Bucke became the poet's first biographer with Walt
Whitman (Philadelphia: David McKay, 1883), and he later served as one
of his medical advisors and literary executors. For more on the relationship of
Bucke and Whitman, see Howard Nelson, "Bucke, Richard Maurice," Walt Whitman: An
Encyclopedia, ed. J.R. LeMaster and Donald D. Kummings (New York:
Garland Publishing, 1998).
Notes
- 1. The note "Ref to an
entry | of Jan—24 | 1889 | G[ertrude] T[raubel]," appears in the upper
right-hand corner of the first recto. The reference is to Horace Traubel, With Walt Whitman in Camden, Thursday, January 24, 1889. Also on the first recto, written in an
unidentified hand in the center of the top margin, is "To WW." [back]
- 2. See Whitman's letter to
Bucke of January 19–20, 1889. See also
Horace Traubel, With Walt Whitman in Camden, Friday, January 18, 1889, and Monday, February 18, 1889. [back]
- 3. Bart Bonsall described
his visit of January 7 or 8, 1889, to Whitman in a paragraph in the Philadelphia
Press (Horace Traubel, With Walt
Whitman in Camden, Thursday, January 10, 1889). [back]

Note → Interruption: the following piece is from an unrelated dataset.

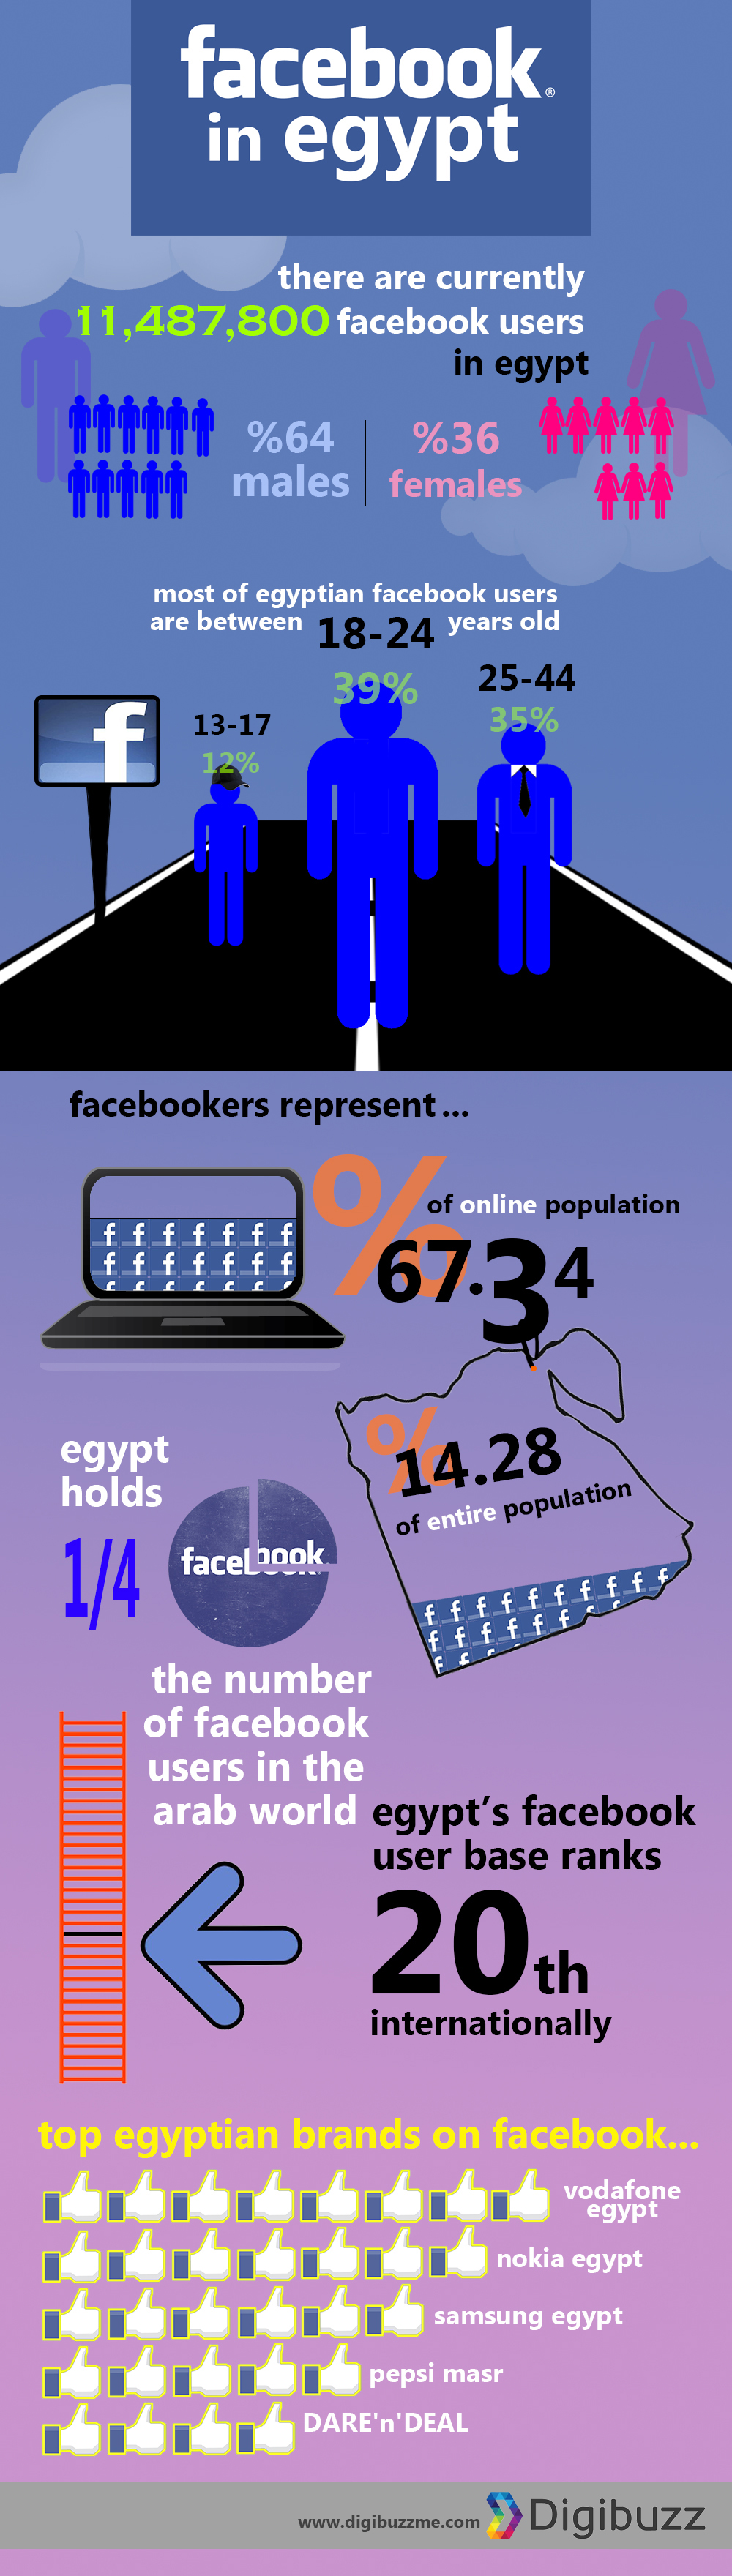 Facebook in Egypt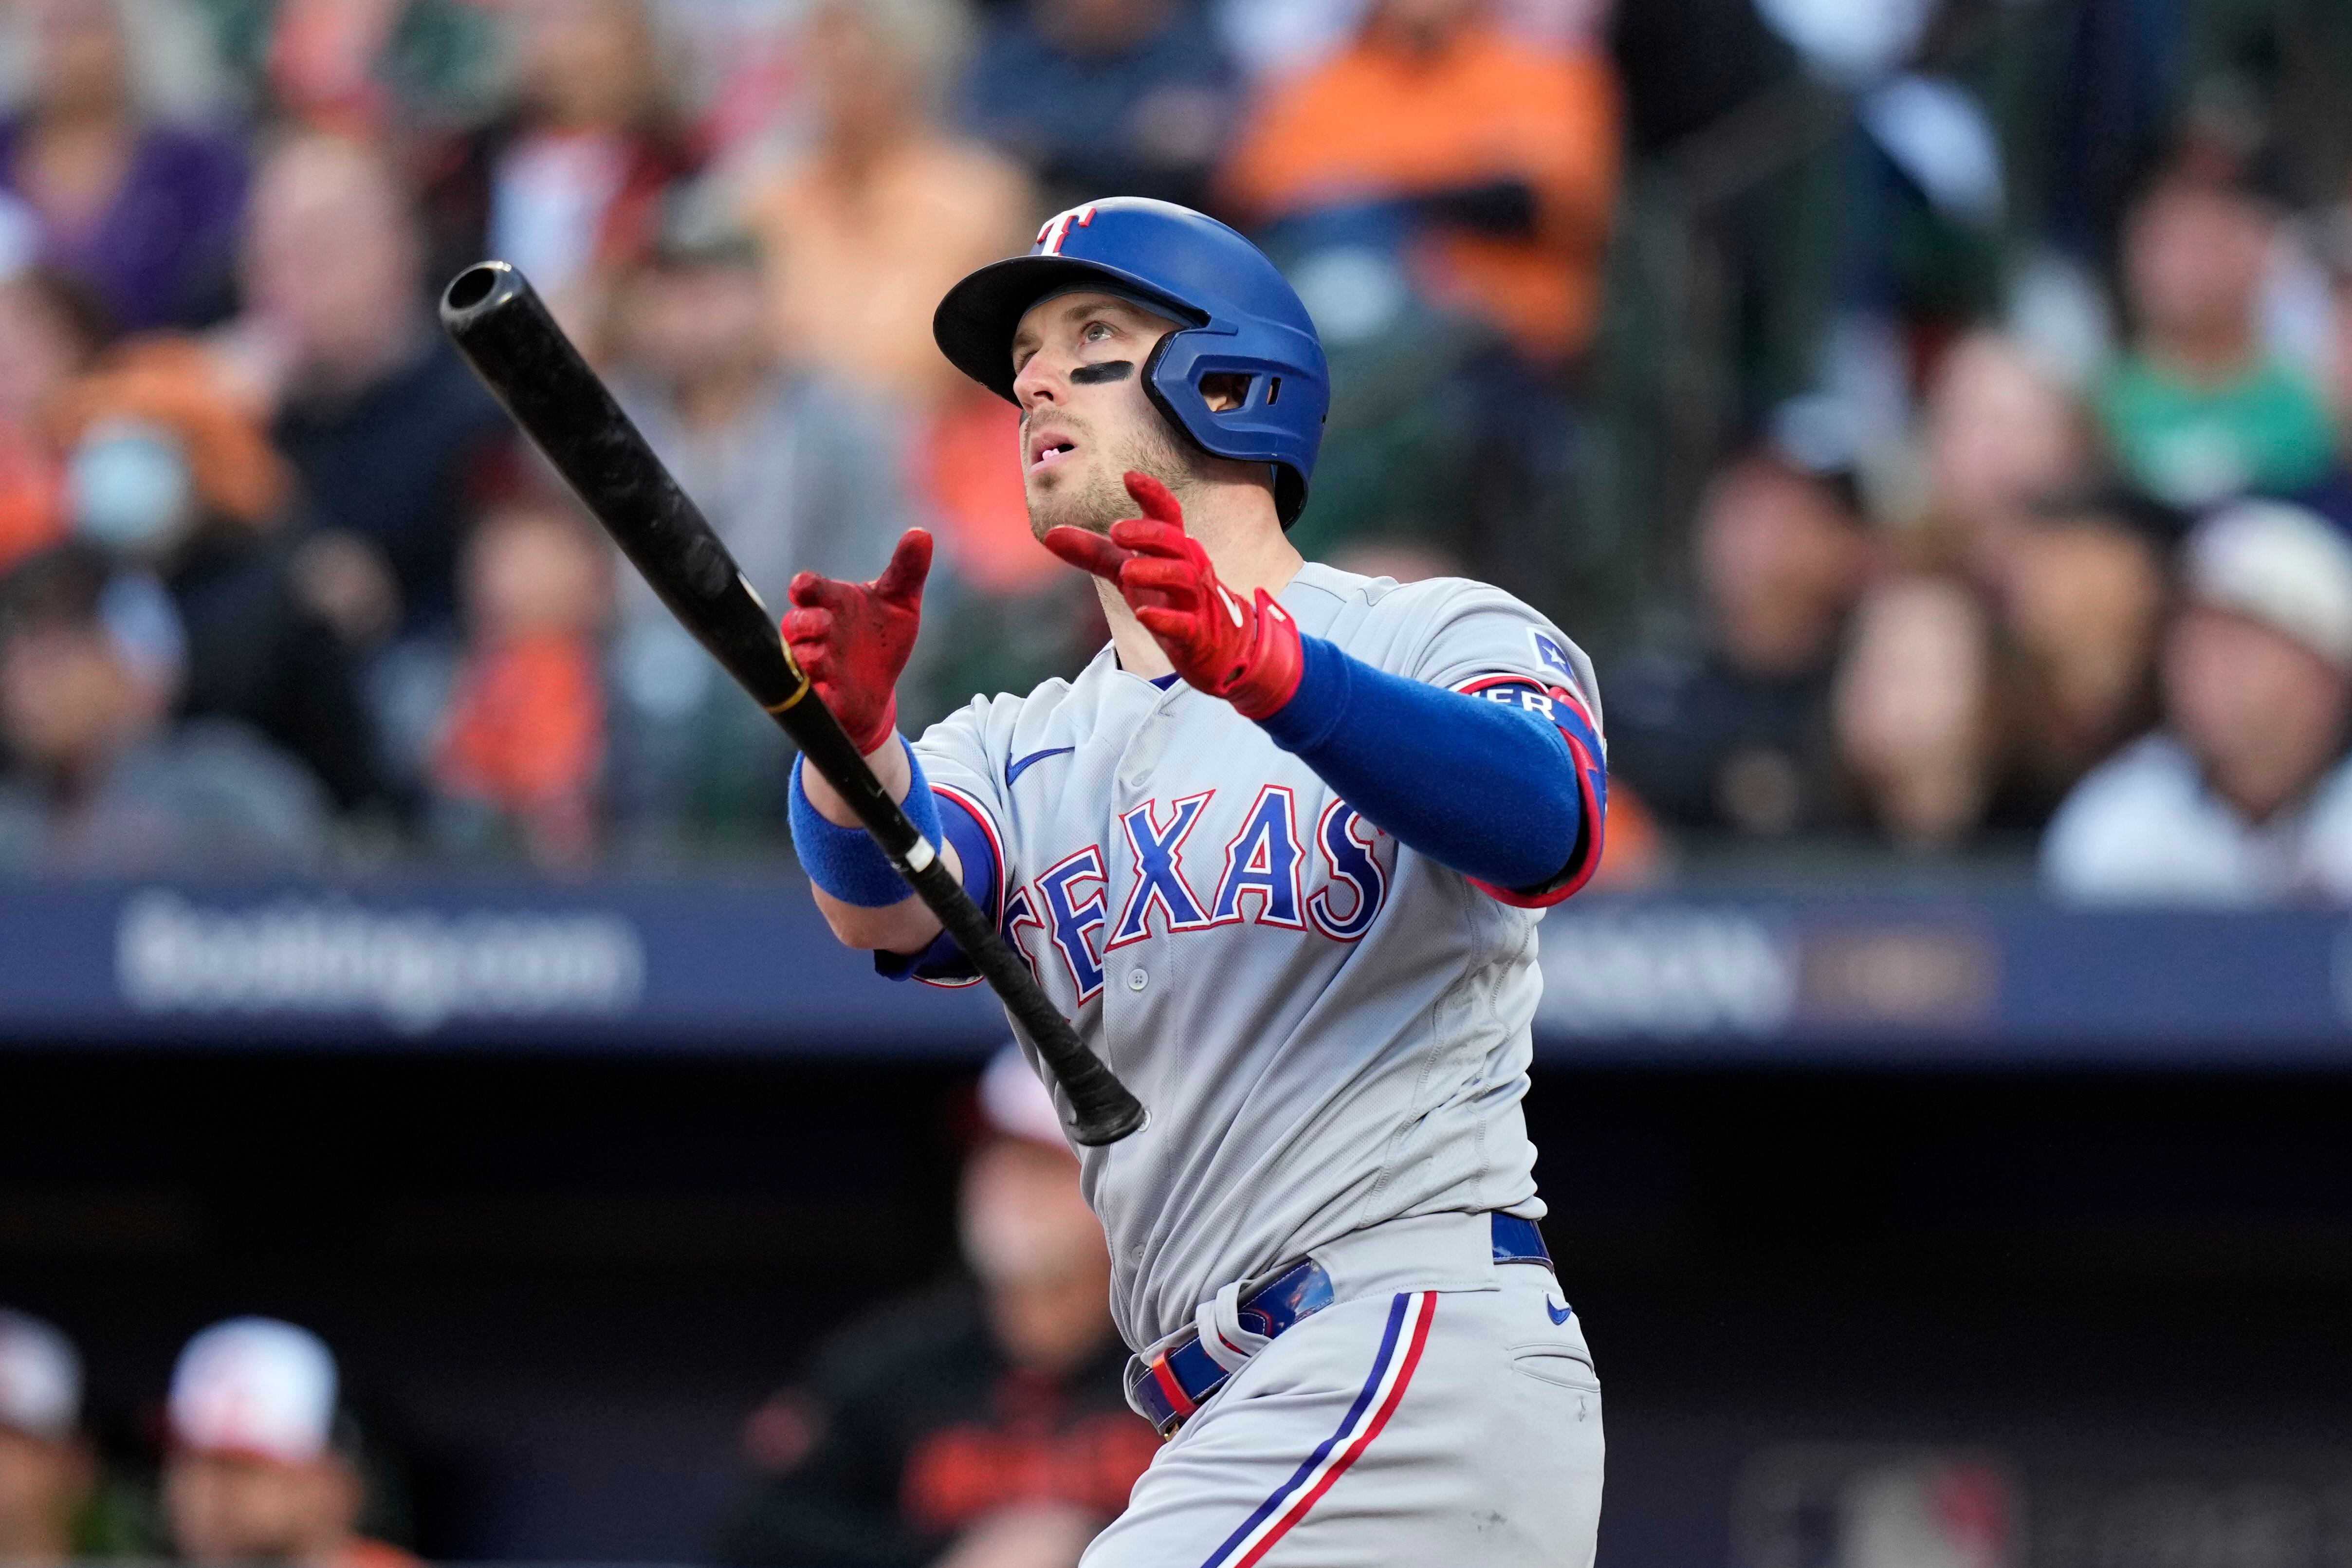 Nine-run inning from Texas eliminates Hurricanes baseball from

- 4. Horace L. Traubel (1858–1919)
was an American essayist, poet, and magazine publisher. He is best remembered as
the literary executor, biographer, and self-fashioned "spirit child" of Walt
Whitman. During the late 1880s and until Whitman's death in 1892, Traubel visited
the poet virtually every day and took thorough notes of their conversations,
which he later transcribed and published in three large volumes entitled With Walt Whitman in Camden (1906, 1908, & 1914).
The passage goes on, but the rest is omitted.